### DATA QUALITY CHECKS – SILVER LAYER

---

#### Purpose
This notebook validates the **integrity and quality** of data within the **Silver layer**.

It ensures data is **clean, consistent, and ready** for downstream processing.

---

#### Key Checks Performed
- Detection of **NULL** or **duplicate** primary keys
- Identification of **unwanted spaces** in text fields
- **Standardization** and **normalization** of categorical data
- **Validation** of date fields for correctness and logical ordering
- **Consistency checks** between related numerical fields (e.g., sales = quantity × price)

---

#### Usage Instructions
- Execute this notebook **after loading data** into the Silver layer
- **Review and address** any anomalies before progressing to the **Gold layer** or analytics


In [0]:
from datetime import datetime
from pyspark.sql.types import StructType, StructField, StringType, IntegerType, DateType, TimestampType
from pyspark.sql.functions import to_date, to_timestamp

In [0]:
from pyspark.sql import functions as f
from pyspark.sql.window import Window

In [0]:
# path
bronze_path = 'gs://my-bucket-deep/Medallion/bronze/'
silver_path = 'gs://my-bucket-deep/Medallion/silver/'

In [0]:
tables = [
    "crm_cust_info",
    "crm_prd_info",
    "crm_sales_details",
    "erp_cust_az12",
    "erp_loc_a101",
    "erp_px_cat_g1v2"
]
bronze_dfs = {
    table: spark.read.format('delta').load(f'{bronze_path}{table}')
    for table in tables
}

silver_dfs = {
    table: spark.read.format('delta').load(f'{silver_path}{table}')
    for table in tables
}

#### Validation: `crm_cust_info`

In [0]:
# Identify NULLs or duplicate customer IDs (Primary Key)
silver_dfs['crm_cust_info'].groupBy('cst_id') \
                           .count().filter((f.col('count') > 1) | (f.col('cst_id').isNull())) \
                           .display()

cst_id,count
,1


In [0]:
# Detect leading/trailing spaces in customer first names & lastname
silver_dfs['crm_cust_info'].filter(f.trim(f.col('cst_firstname')) != f.col('cst_firstname')).select(['cst_firstname', 'cst_lastname']).display()
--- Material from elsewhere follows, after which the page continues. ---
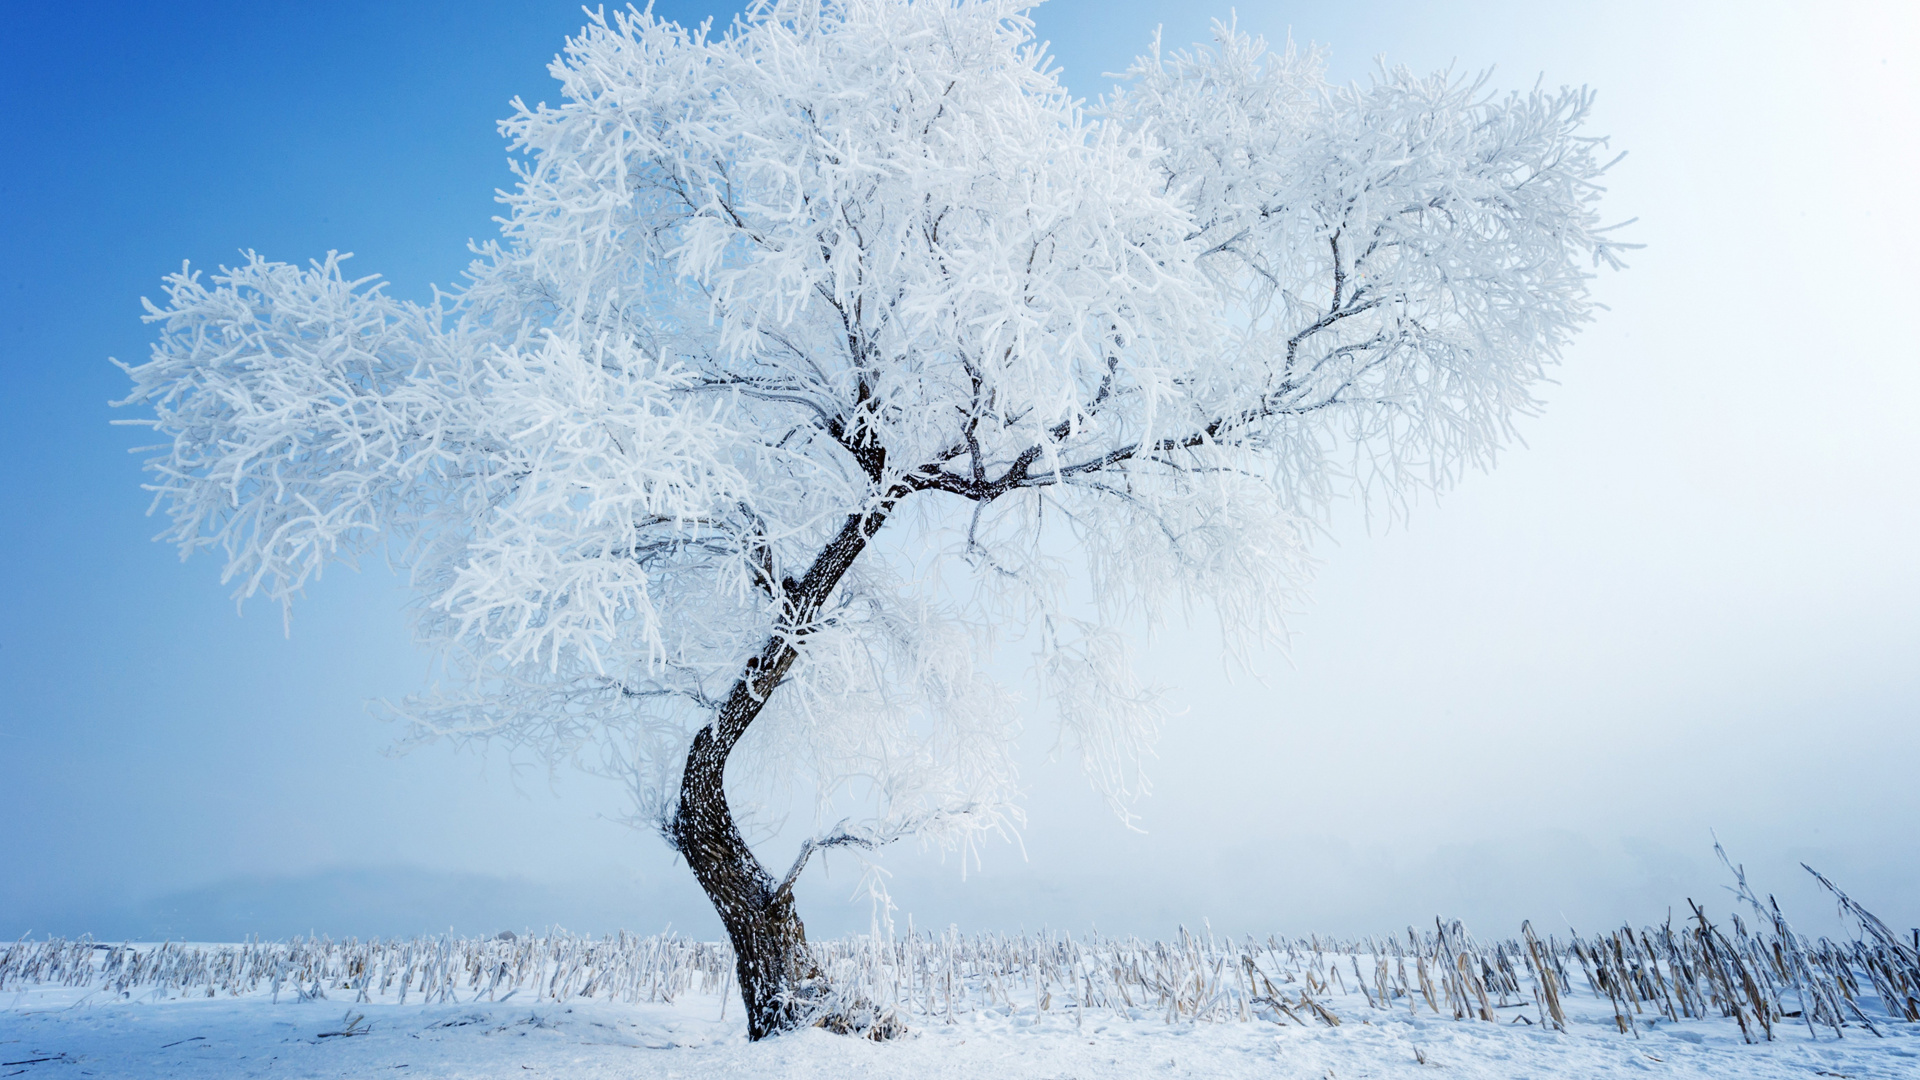 Snow Covered Bare Tree During Daytime. Wallpaper in 1920x1080 Resolution

cst_firstname,cst_lastname


In [0]:
# Data Standardization & Consistency (cst_gndr and cst_marital_status)
silver_dfs['crm_cust_info'].select('cst_marital_status').distinct().show()
silver_dfs['crm_cust_info'].select('cst_gndr').distinct().show()

+------------------+
|cst_marital_status|
+------------------+
|           Married|
|               n/a|
|            Single|
+------------------+

+--------+
|cst_gndr|
+--------+
|  Female|
|     n/a|
|    Male|
+--------+



#### Validation: `crm_prd_info`

In [0]:
# Identify NULLs or duplicate in product IDs
silver_dfs['crm_prd_info'].groupBy('prd_id') \
                           .count().filter((f.col('count') > 1) | (f.col('prd_id').isNull())) \
                           .show()

+------+-----+
|prd_id|count|
+------+-----+
+------+-----+



In [0]:
# Detect unwanted spaces in product names
silver_dfs['crm_prd_info'].filter(f.trim(f.col('prd_nm')) != f.col('prd_nm')).select(['prd_nm']).show()

+------+
|prd_nm|
+------+
+------+



In [0]:
# Identify NULLs or negative values in product cost
silver_dfs['crm_prd_info'].filter((f.col('prd_cost') < 0) | f.col('prd_cost').isNull()).select('prd_cost').show()

+--------+
|prd_cost|
+--------+
+--------+



In [0]:
# List distinct product lines for normalization
silver_dfs['crm_prd_info'].select('prd_line').distinct().show()

+-----------+
|   prd_line|
+-----------+
|   Mountain|
|       Road|
|        n/a|
|Other Sales|
|    Touring|
+-----------+



In [0]:
# Find records with invalid product date ranges (start_date > end_date)
silver_dfs['crm_prd_info'].filter(f.col('prd_end_dt') < f.col('prd_start_dt')).select(['prd_start_dt', 'prd_end_dt']).show()

+------------+----------+
|prd_start_dt|prd_end_dt|
+------------+----------+
+------------+----------+



#### Validation `crm_sales_details`

In [0]:
# Check for invalid due dates (format or out-of-range)
silver_dfs['crm_sales_details'].filter((f.col('sls_due_dt').isNull()) | ((f.length(f.col('sls_due_dt').cast('string')) == 8))).show()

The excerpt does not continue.